ASSIGNED TASK: Without changing a word, return the listing below, minus its images.

SUPPLIED INFORMATION:

------------------------------------

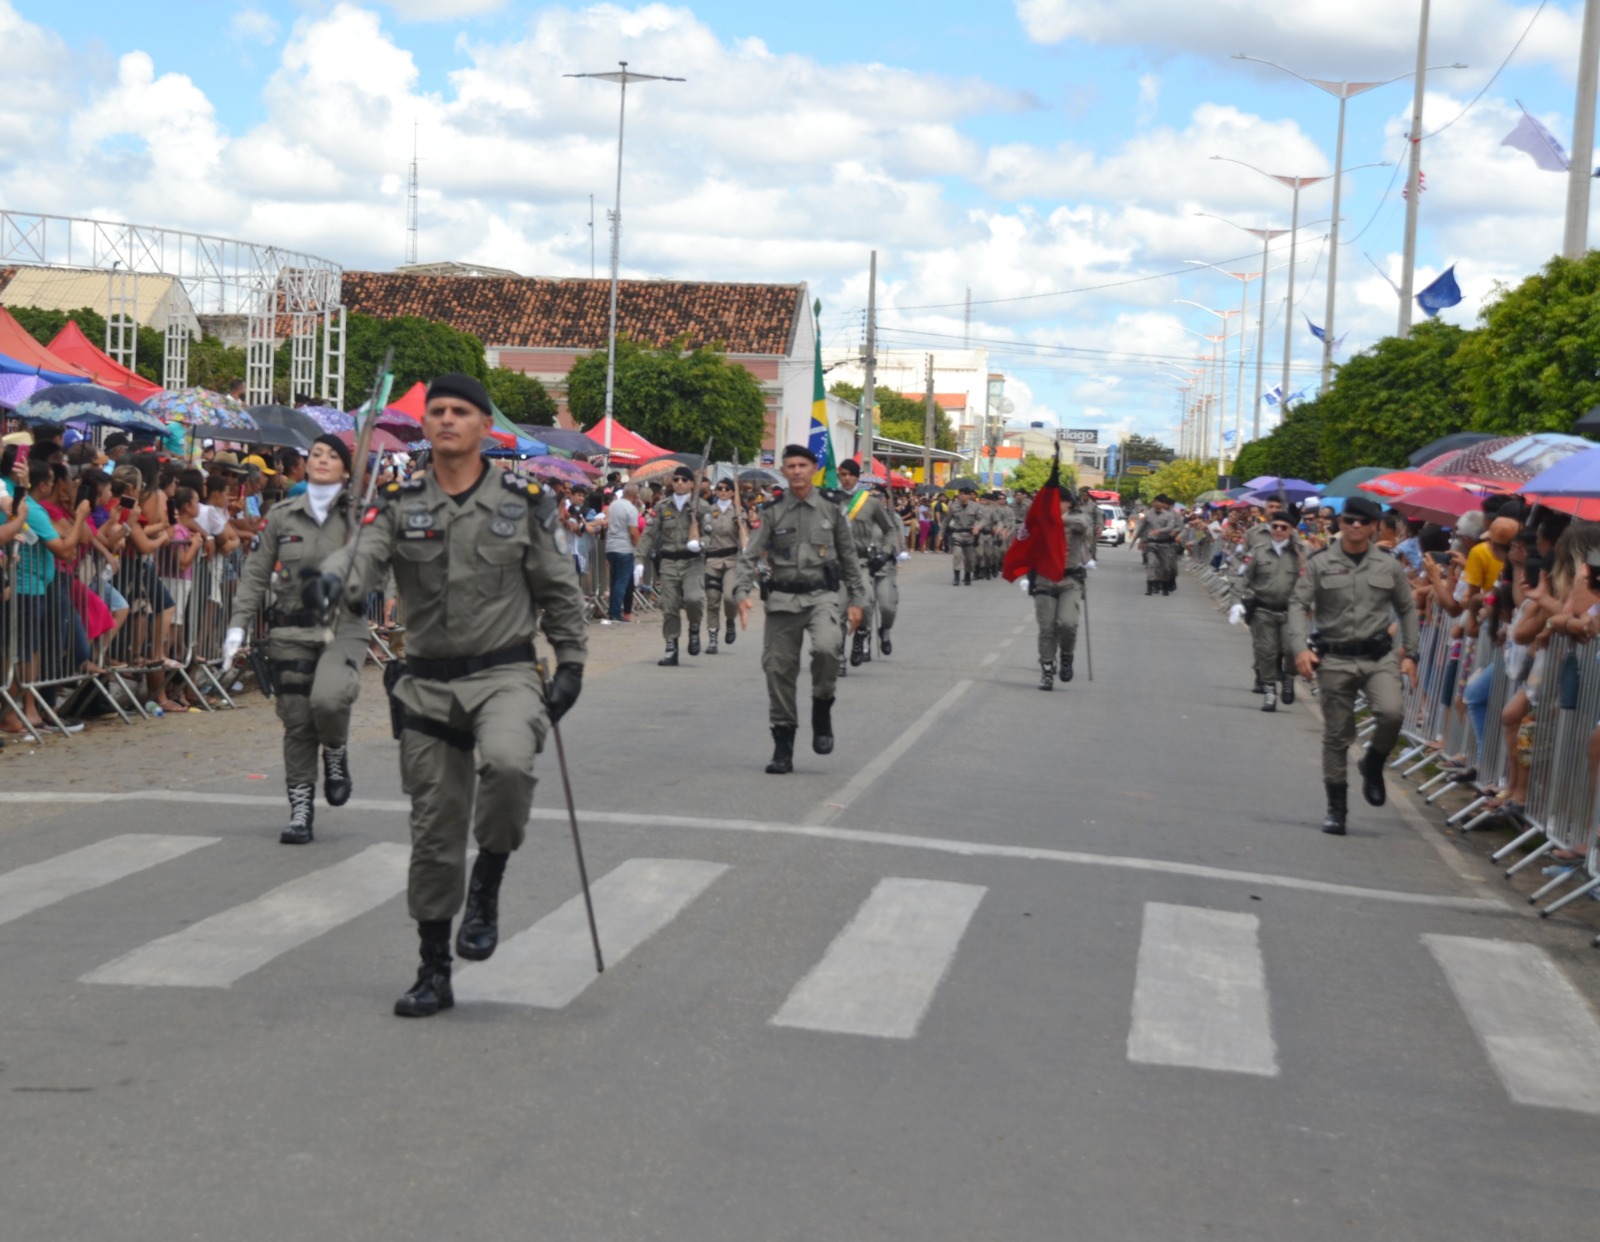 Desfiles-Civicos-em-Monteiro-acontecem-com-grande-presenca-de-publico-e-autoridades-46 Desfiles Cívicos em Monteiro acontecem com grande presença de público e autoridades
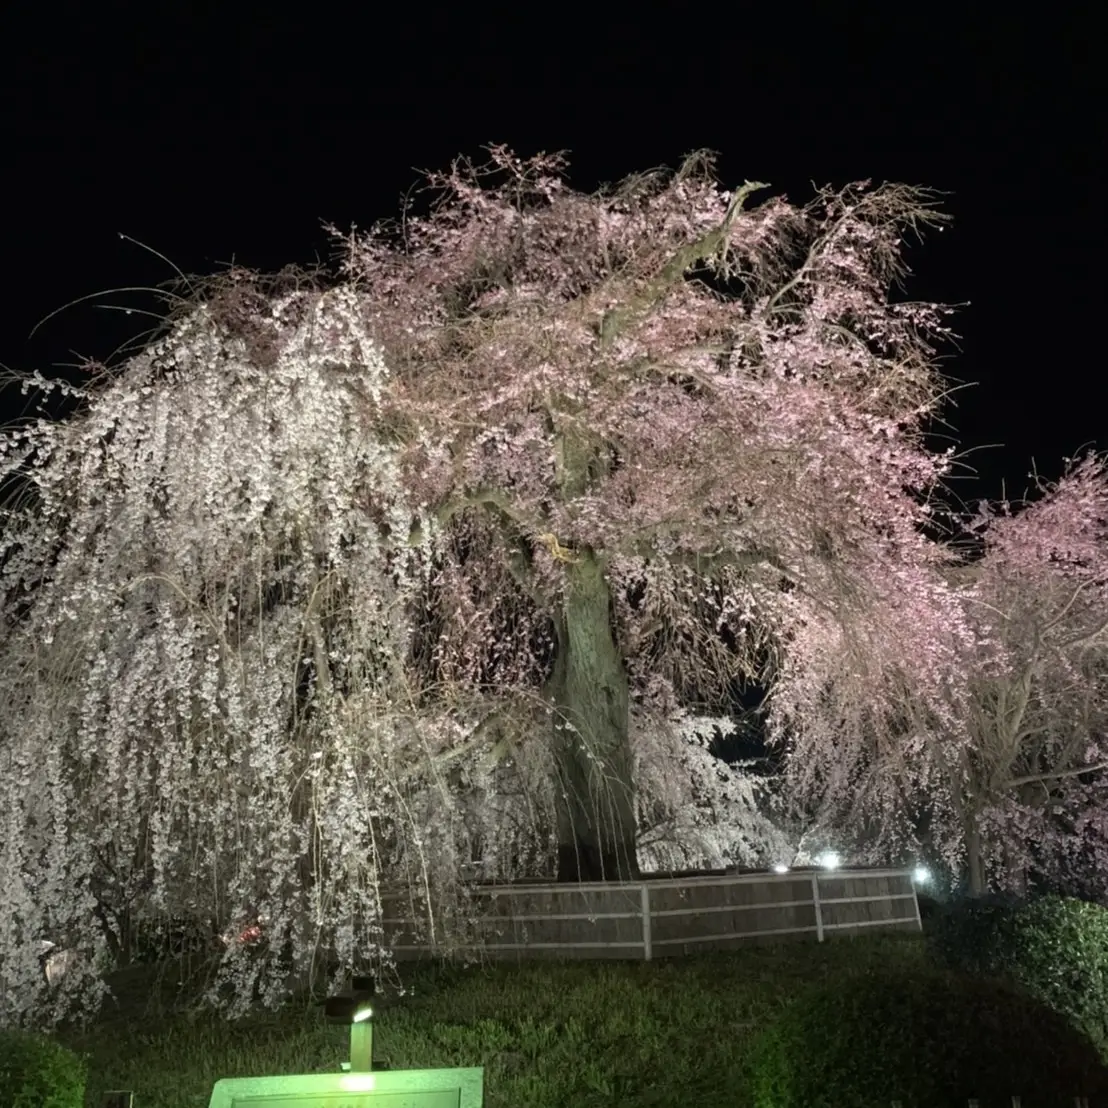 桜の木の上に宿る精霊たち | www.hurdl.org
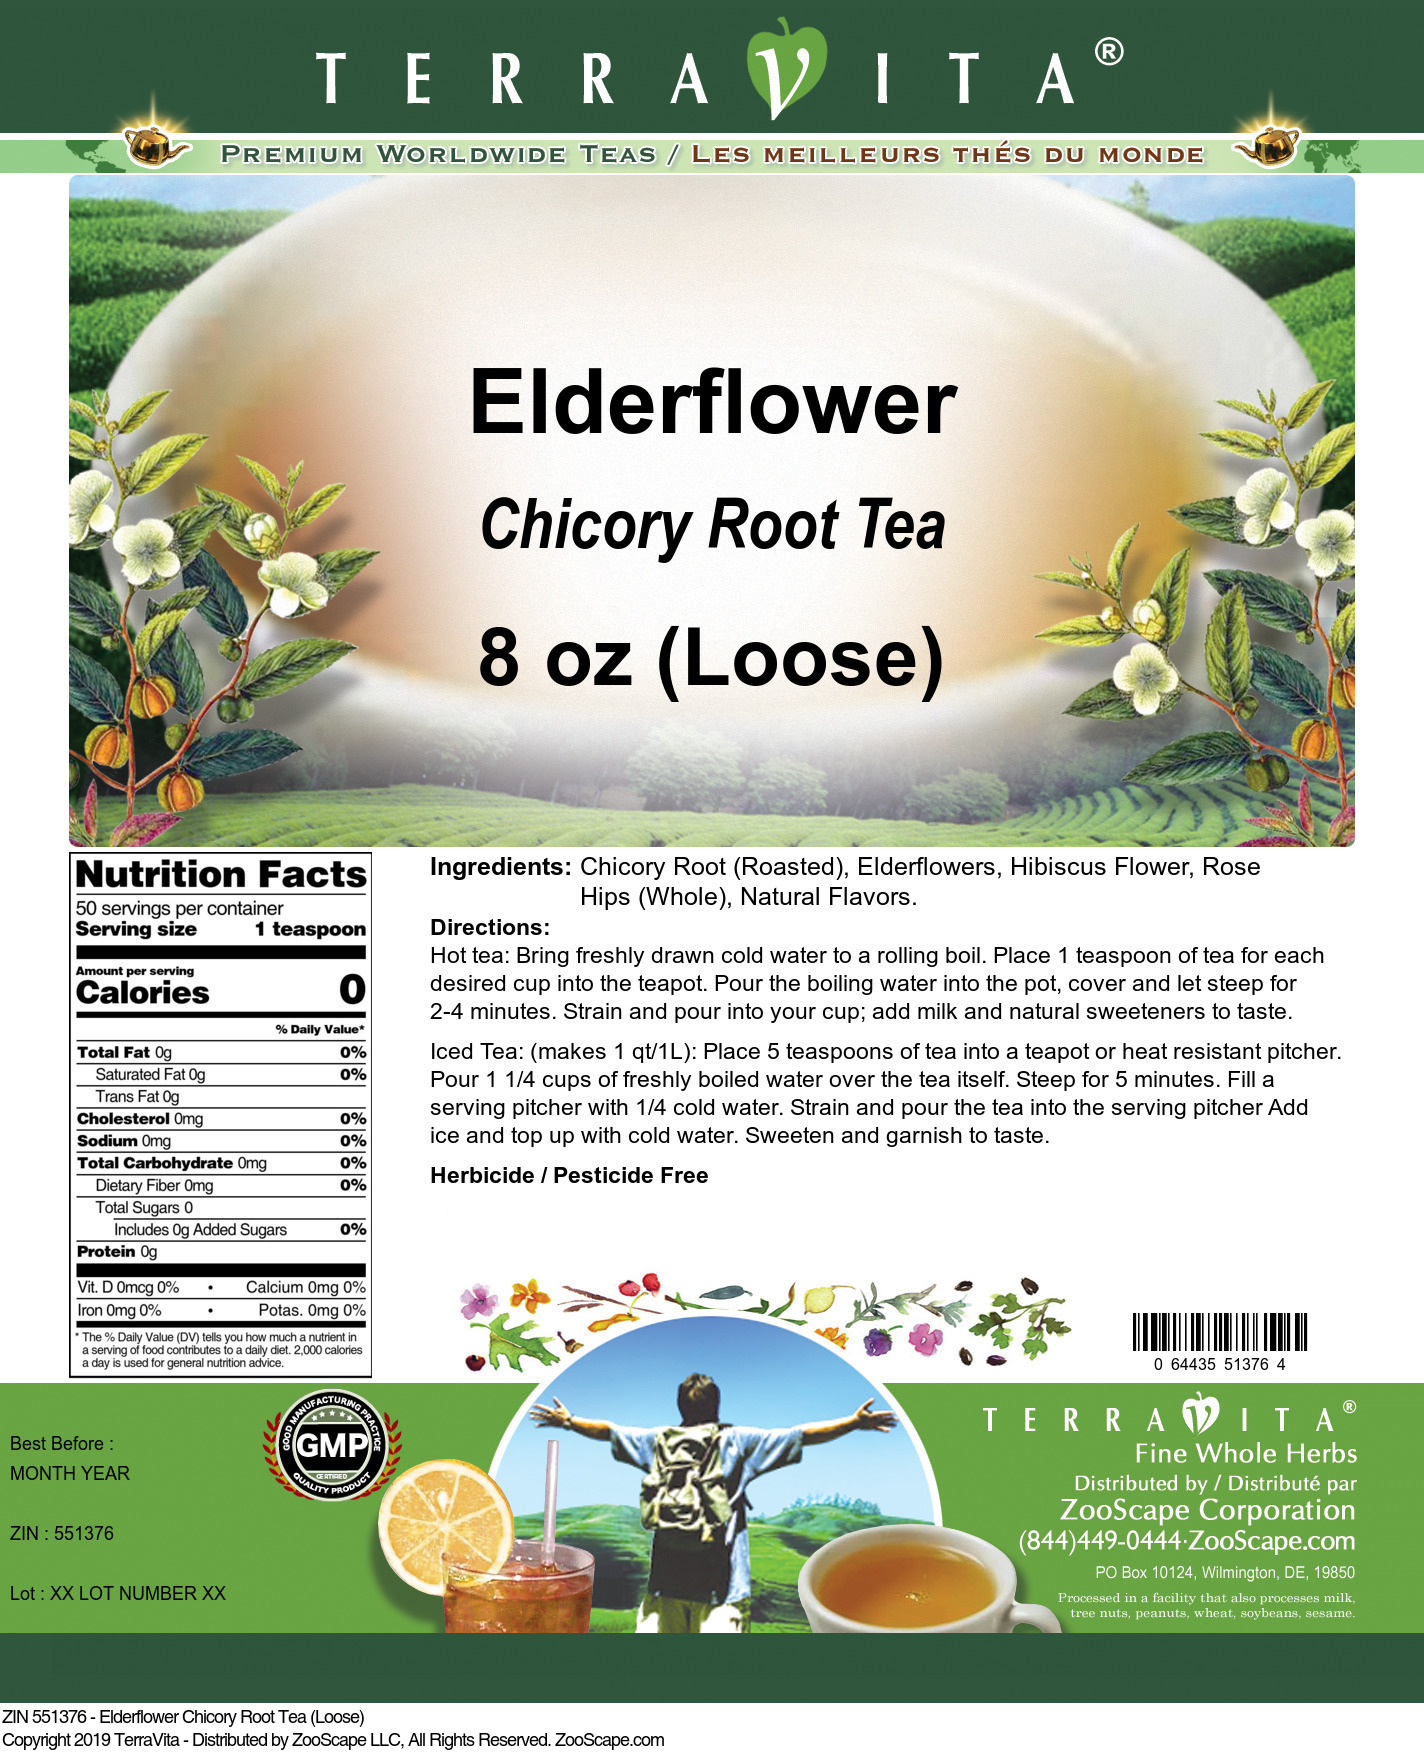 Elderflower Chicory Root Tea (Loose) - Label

------------------------------------

RESULT:
 Desfiles-Civicos-em-Monteiro-acontecem-com-grande-presenca-de-publico-e-autoridades-46 Desfiles Cívicos em Monteiro acontecem com grande presença de público e autoridades
 桜の木の上に宿る精霊たち | www.hurdl.org
 Elderflower Chicory Root Tea (Loose) - Label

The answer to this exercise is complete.